Let me put a disclaimer here before my responses below:

I'm not a physicist, but I DID stay at a Holiday Inn last night! But
seriously, I've been reading heavily about the double-slit experiments
and soaking it all up. I'd label myself as a "Laymen's expert", but I
wouldn't attempt to compete with a real physicist. I reserve the
right to be completely misled and confused. With that in mind...

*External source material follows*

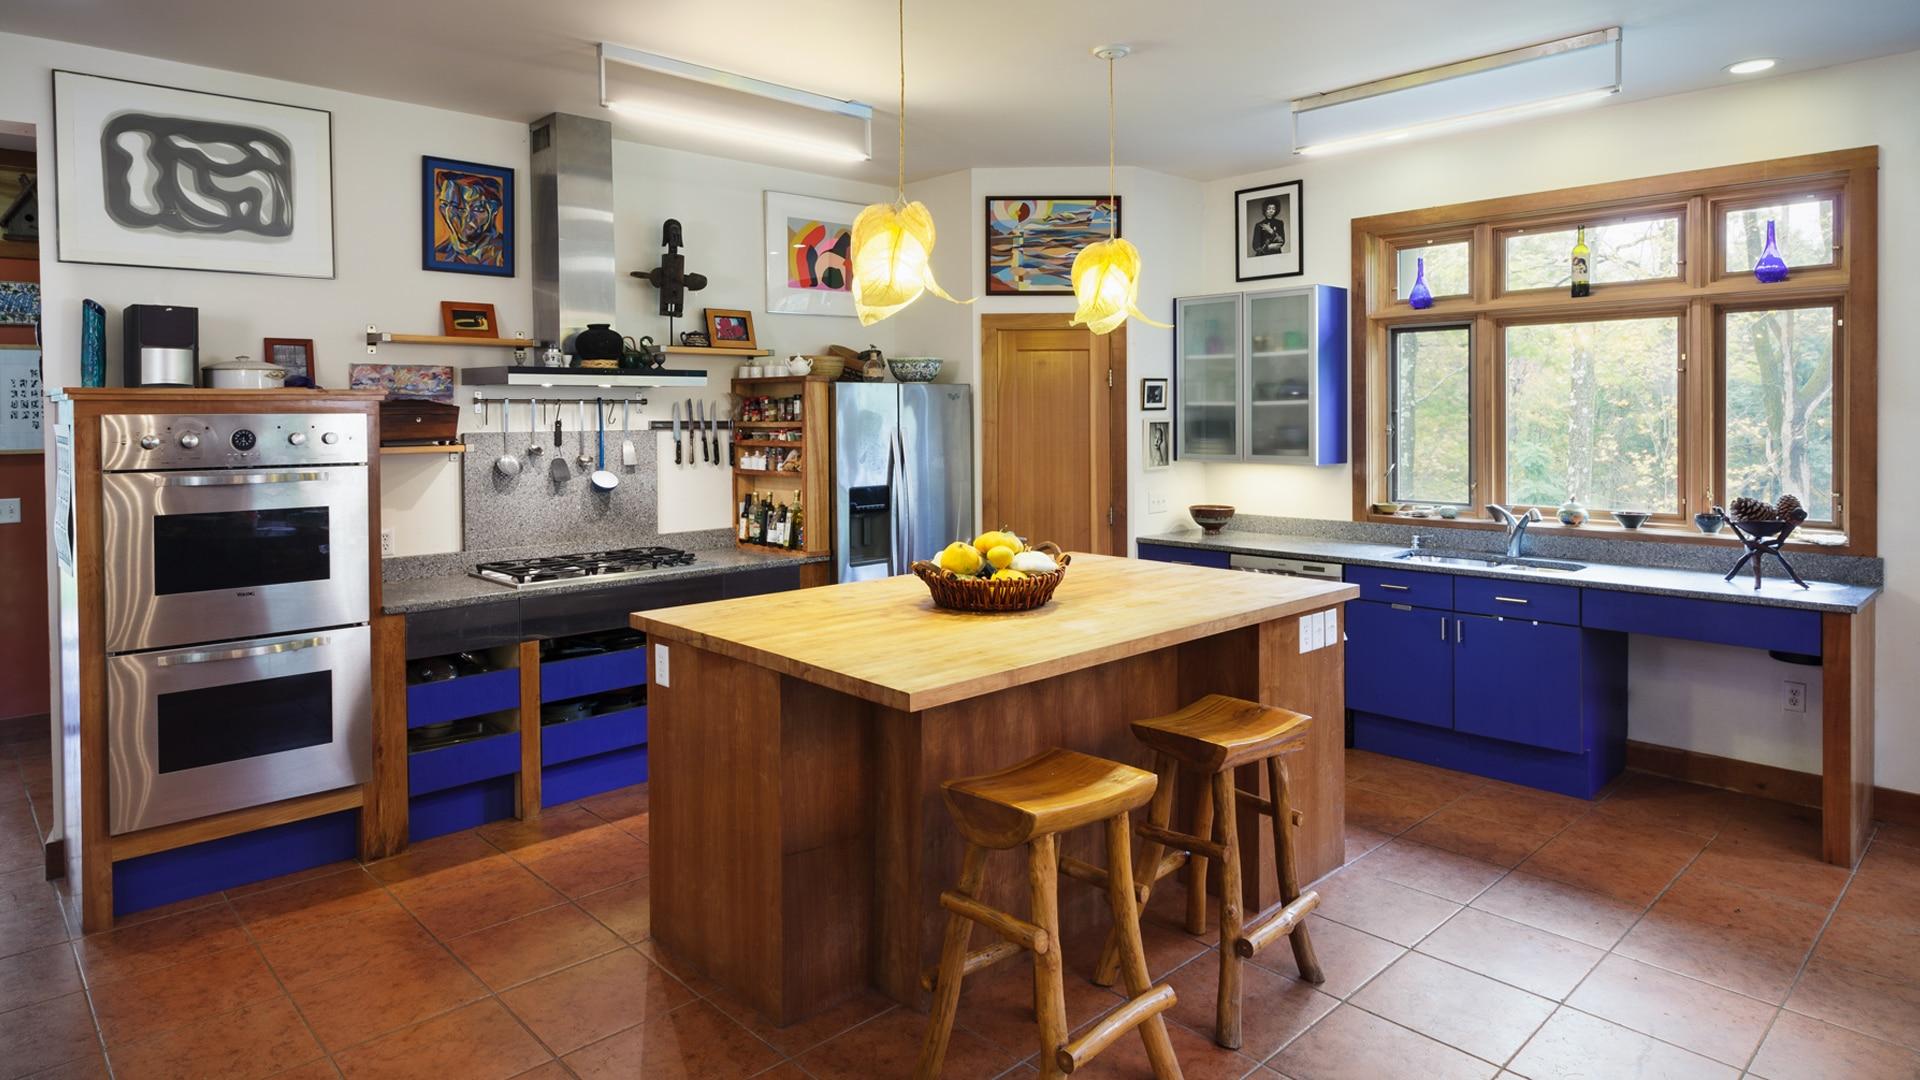 Energy Star Home U2013 Warwick, NY U2013 Case Study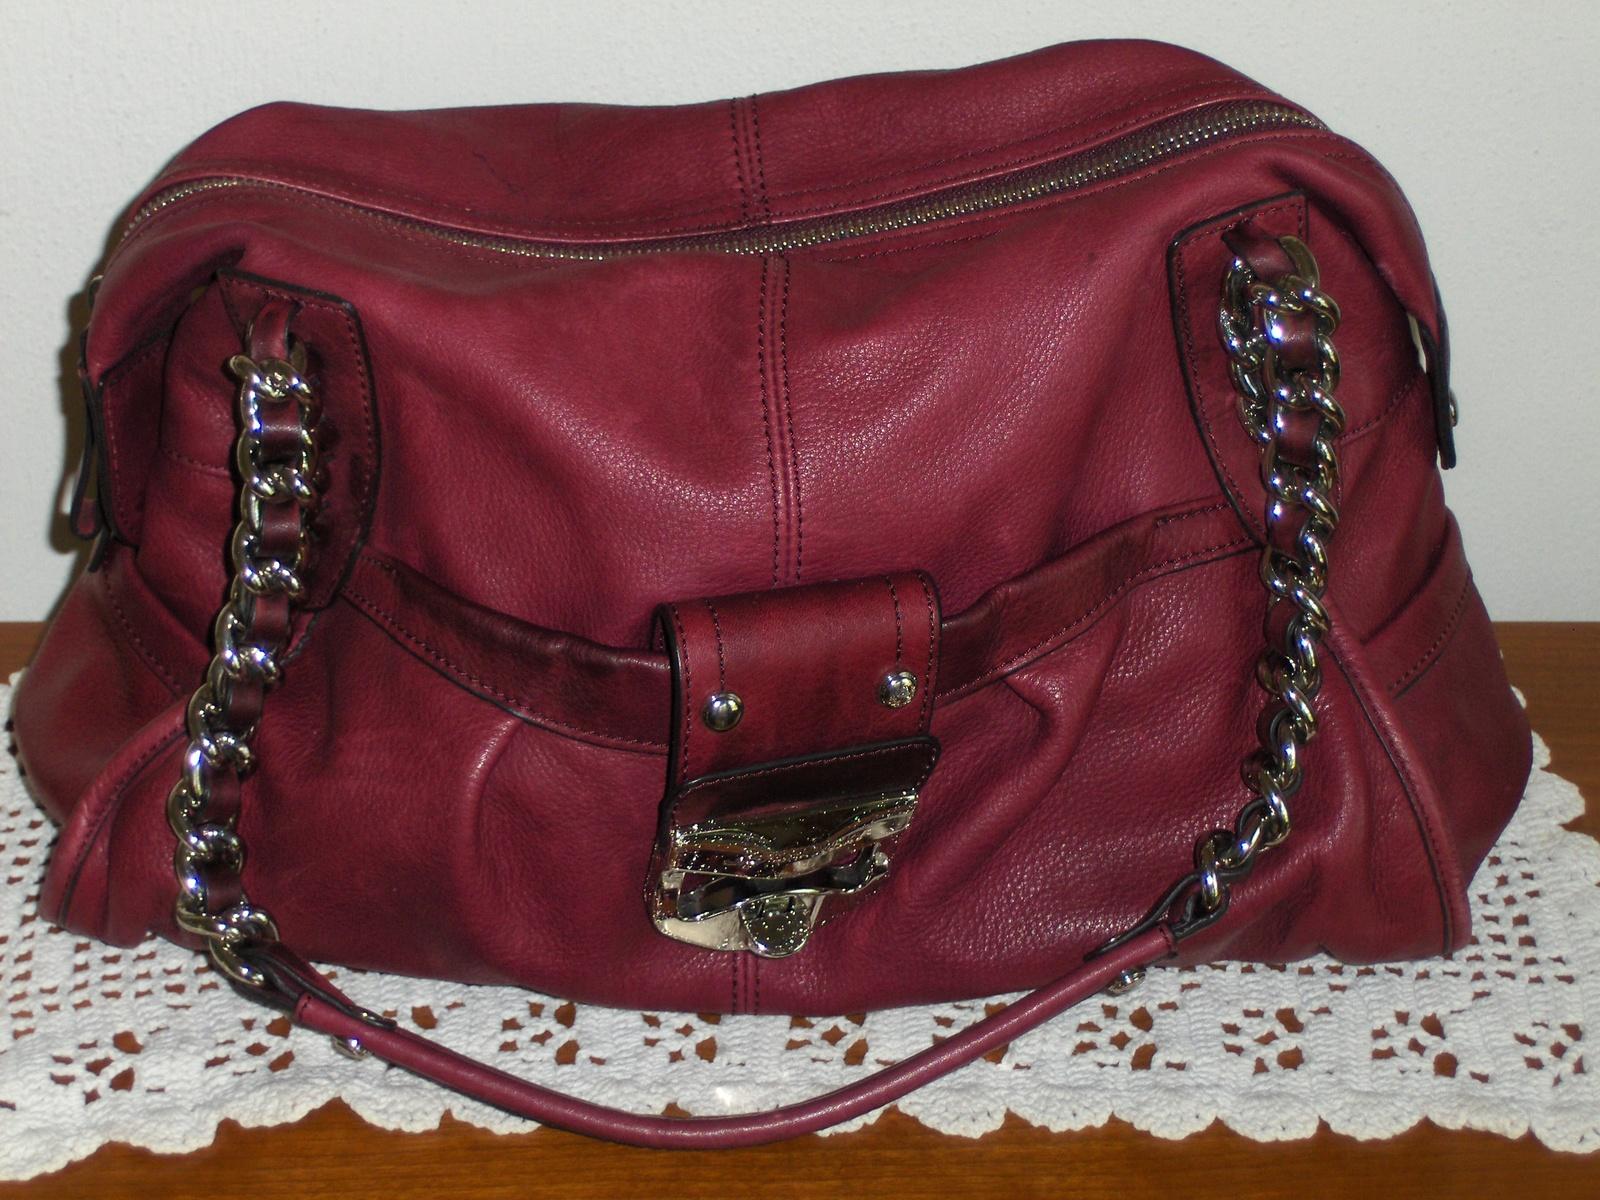 aa49681691d572 B. Makowsky Satchel Cranberry Leather and 50 similar items

hheffner@mtaonline.net (Horace Heffner) wrote in message news:<hheffner-2710041402540001@dialups-45.palmer.mtaonline.net>...
> FTL by Down-converting (Revised)
>
> A method is proposed here to achieve faster than light (FTL) communication
> by the use of down-converters. A down-converter splits a photon into two
> photons each having half the energy of the original photon.
>
> Suppose we have a sender Alice, a receiver Bob, and an intermediary
> facilitator Charlie. Charlie uses a beam splitter to create two beams of
> laser light: L the left beam and R, the right beam. Charlie then
> down-converts the L beam to create beams L1 and L2, and similarly creates
> beams R1 and R2 from the beam R. Beams R2 and L2 are normal path or
> "signal" photons through the down-converter, while beams R1 and L1 are
> called "idler" photons. "Beam" here means a flow of individually
> detectable photons sent in very short intervals so as to provide a useful
> rate of communication. Charlie directs beams L1 and R1 to Alice and beams
> R2 and L2 to Bob. The corresponding photons arrive at both Bob and Alice
> at nearly the same time, but here assume Alice receives hers first, but
> just barely before Bob.
>
> Bob directs beams R2 and L2 such that they can create an interference
> pattern in a set of detectors arranged so it is feasible to rapidly and
> with high probability determine whether an interference pattern is present
> or not. The signal photon beams R2 and L2 can create such an interference
> pattern because they are the two paths from a beam splitter.

OK so far...

> Alice can direct her idler beams L1 and R1 at will, in a co-linear
> fashion, to opposing sides of a half silvered mirror, but at an angle of
> 45 degrees. Fig.1, which requires fixed font (e.g courrier) to view,
> shows this configuration. Half of L1 and half of R1 then goes to a
> detector DL. Similarly, half of L1 and half of R1 then goes to a detector
> DR. The beams emerging from both sides of the mirror are thus fully mixed,
> and the which-path information for all photons is lost. In this case Bob
> must see an interference pattern. If Alice then diverts her beams
> directly to detectors, the which-way information is then restored to 100
> percent available, and Bob must see a bimodal distribution.

[snipped the rest]

You're half right. Bob's interference patterns do come and go, but
he's not aware of it until Alice, classically and sub-luminally,
transmits her detected information to Bob. At that point, Bob can
make timing comparisons with his detections to determine which of his
photon detections from his two bell curves should be considered
cancelled out or not, so he can calculate an interference pattern from
his and Alice's old data.

All of these experiments that I've read about require a coincedence
counter that's connected to both sets of receptors and it's not until
AFTER information from both sets of detectors is transmitted to a
single place (and transmitted via conventional, classical, sub-luminal
speeds) that a determination can be made as to wether or not any
photon detections at Bob's place should be considered for an
inteference pattern.

Apart from that, your logic looks sound to me. I believe this FTL
comm scenario is the first thing that likely pops into most people's
minds when they learn of the double-slit experiment. It did mine, and
it obviously did yours.

Uncle Al is right about FTL.

Generally, if you find some cool method to transmit FTL such as what
you've proposed above, the next step is to figure out what you missed.
 If you can show me FTL communication, then I can, using relativity,
show you backwards in time communication. And, with backwards in time
comm, I can show you a paradox. If a theory produces a paradox, it's
DOA. :( If, on the other hand, relativity can be disproven, then
paradoxes may not be a concern, but I won't be holding my breath for
that to happen.

Relevant Pages

  • Re: FTL by Down-converting (Revised)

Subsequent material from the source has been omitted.